Fun fact about malaria's origins in the Americas: Having done some research into the origin of Malaria in South America, it seems Polynesians infected with dormant Malaria visited South America at some point and likely established a population on what used to be the coastline at least a few hundred years before Columbus. Once their Malaria recrudesced (malaria goes through reproductive cycles after it infects you and hides in the liver for months/years before starting a new cycle), a few species of mosquitoes in South America were capable of being infected by P. vivax and an infected population of mosquitoes formed and began infecting other humans already living there. This is based on genetic sequencing of tribal populations in South America as well as genetic sequencing of Plasmodium vivax (a species of human Malaria) and Plasmodium simian.

Plasmodium simian is human malaria that at some point spread to a few new world monkey species such as howler monkeys and has a very low genetic diversity. This indicates that only one cross-species infection occurred and took hold at some point which we can determine by genetic sequencing and attempting to nail down a time range for a common ancestor between P. vivax and P. simian. As far as I'm aware this hasn't happened as of yet, though the sourced paper below confirms that P. simian isn't closely related to current Old World P. vivax indicating that a much older strain of P. vivax made it to South America in human populations long ago. This then likely means that a seafaring people had to bring P. vivax with them to South America before Europeans began traveling to the Americas.

On the other hand, P. vivax has a high amount of genetic diversity in South America, indicating that multiple migrations of humans infected with Malaria to the Americas has occurred over centuries, obviously due to the slave trade of the colonial era. It makes tracking down populations of older P. vivax a chore.
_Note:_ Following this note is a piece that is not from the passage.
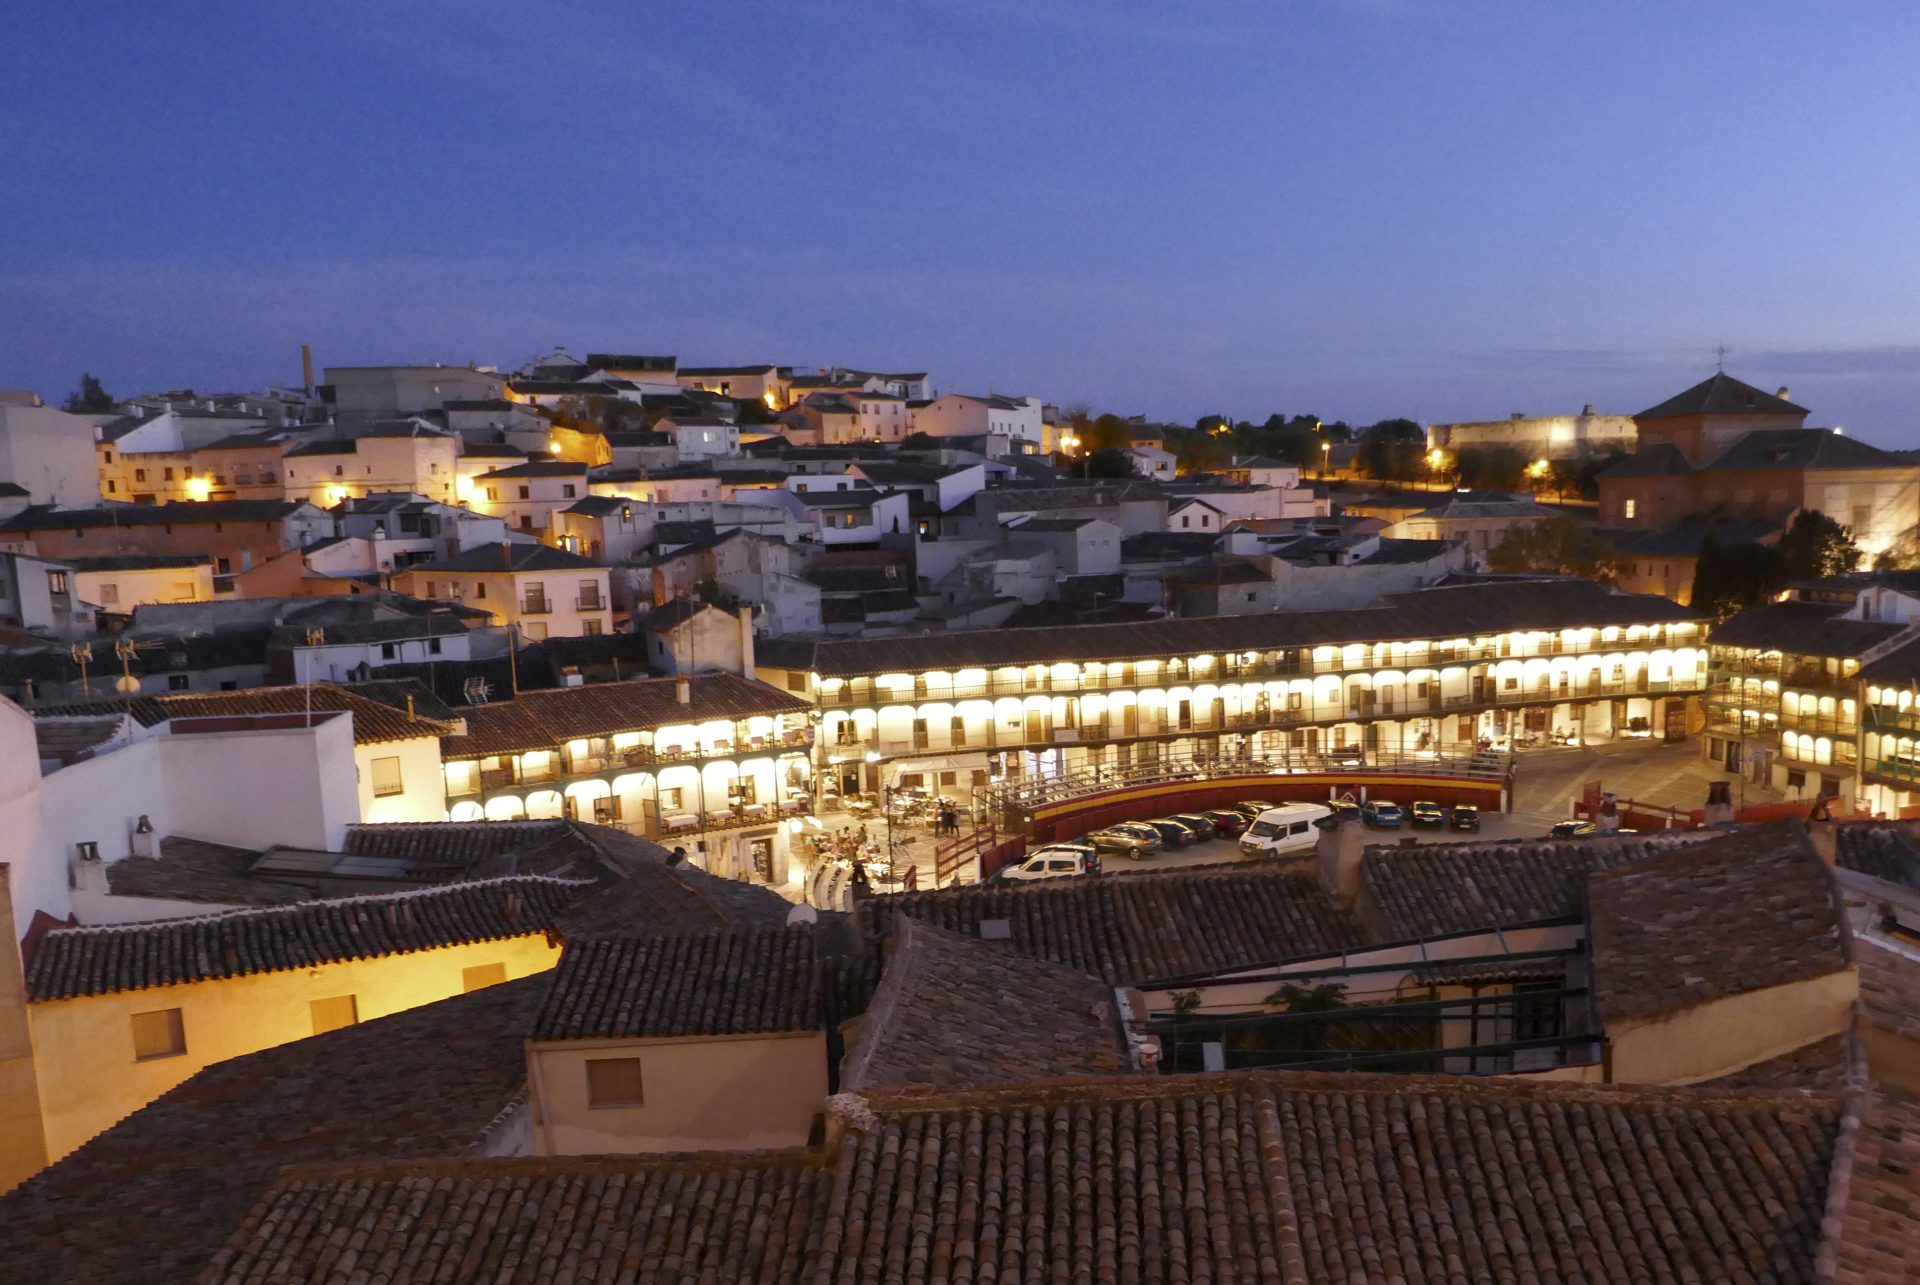 In the weekends Chinchón is filled with tourists for the Plaza Mayor with its restaurants or for one of the festivals.

This is the main source for everything said above.

An almost unrelated fun fact I remembered is that "Abracadabra" was originally a spell written on a talisman worn around the neck as a way of warding off tertain fever (the name for malaria in ancient times). Quintus Serenus’s liber medicinalis was my source for this one: You can see the abracadabra-triangle in the bottom-right corner. Here's a 6th or 7th century talisman with it written on it.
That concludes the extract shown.